List of features of beta release
===============================
The following are the list of features supported by the tool.
* Power, area, and timing models for CMPs with:
Inorder cores both single and multithreaded
OOO cores both single and multithreaded
Shared/coherent caches with directory hardware:
including directory cache, shadowed tag directory
and static bank mapped tag directory
Network-on-Chip
On-chip memory controllers
* Internal models are based on real modern processors:
Inorder models are based on Sun Niagara family
OOO models are based on Intel P6 for reservation
station based OOO cores, and on Intel Netburst and
Alpha 21264 for physical register file based OOO cores.
* Leakage power modeling considers both sub-threshold leakage
and gate leakage power. The impact of operating temperature
on both leakage power are considered. Longer channel devices
that can reduce leakage significantly with modest performance
penalty are also modeled.
* McPAT supports automatic extensive search to find optimal designs
that satisfy the target clock frequency. The timing constraint
include both throughput and latency.
* Interconnect model with different delay, power, and area
properties, as well as both the aggressive and conservative
interconnect projections on wire technologies.
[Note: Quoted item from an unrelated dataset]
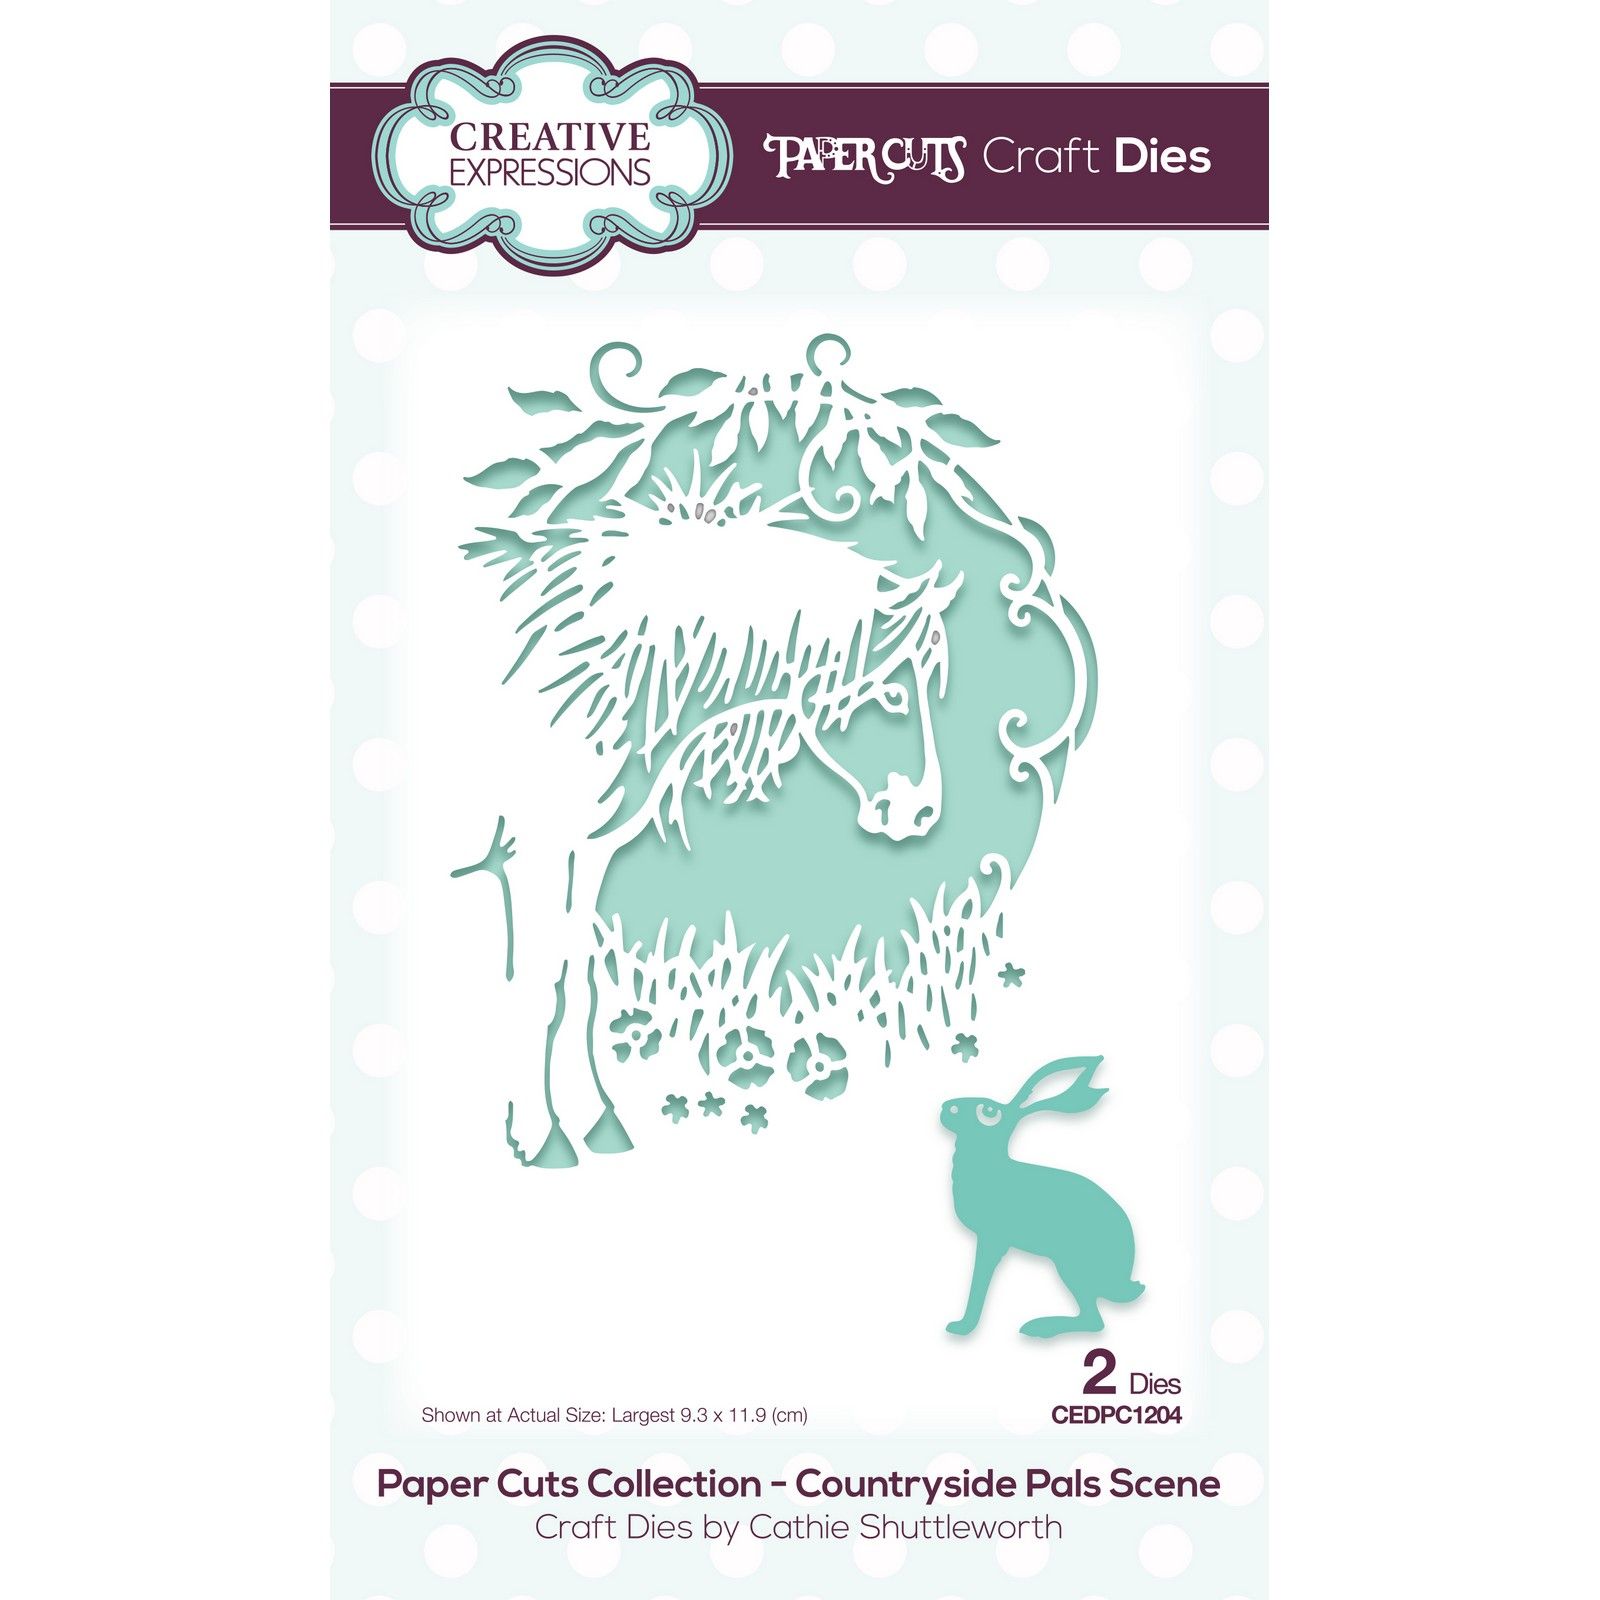 Paper Cuts • Craft Die Countryside Pals

* All process specific values used by the McPAT are obtained
from ITRS and currently, the McPAT supports 90nm, 65nm, 45nm,
32nm, and 22nm technology nodes. At 32nm and 22nm nodes, SOI
and DG devices are used. After 45nm, Hi-K metal gates are used.
How to use the tool?
====================
McPAT takes input parameters from an XML-based interface,
then it computes area and peak power of the
Please note that the peak power is the absolute worst case power,
which could be even higher than TDP.
1. Steps to run McPAT:
-> define the target processor using inorder.xml or OOO.xml
-> run the "mcpat" binary:
./mcpat -infile <*.xml> -print_level < level of detailed output>
./mcpat -h (or mcpat --help) will show the quick help message.
Rather than being hardwired to certain simulators, McPAT
uses an XML-based interface to enable easy integration
with various performance simulators. Our collaborator,
Richard Strong, at University of California, San Diego,
designed an experimental parser for the M5 simulator, aiming for
streamlining the integration of McPAT and M5. Please check the M5
repository/ for the latest version of the parser.
2. Optimize:
McPAT will try its best to satisfy the target clock rate.
When it cannot find a valid solution, it gives out warnings,
while still giving a solution that is closest to the timing
constraints and calculate power based on it. The optimization
will lead to larger power/area numbers for target higher clock
rate. McPAT also provides the option "-opt_for_clk" to turn on
("-opt_for_clk 1") and off this strict optimization for the
timing constraint. When it is off, McPAT always optimize
component for ED^2P without worrying about meeting the
target clock frequency. By turning it off, the computation time
can be reduced, which suites for situations where target clock rate
is conservative.
3. The output:
McPAT outputs results in a hierarchical manner. Increasing
the "-print_level" will show detailed results inside each
component. For each component, major parts are shown, and associated
pipeline registers/control logic are added up in total area/power of each
components. In general, McPAT does not model the area/overhead of the pad
frame used in a processor die.
4. How to use the XML interface for McPAT
4.1 Set up the parameters
Parameters of target designs need to be set in the *.xml file for
entries taged as "param". McPAT have very detailed parameter settings.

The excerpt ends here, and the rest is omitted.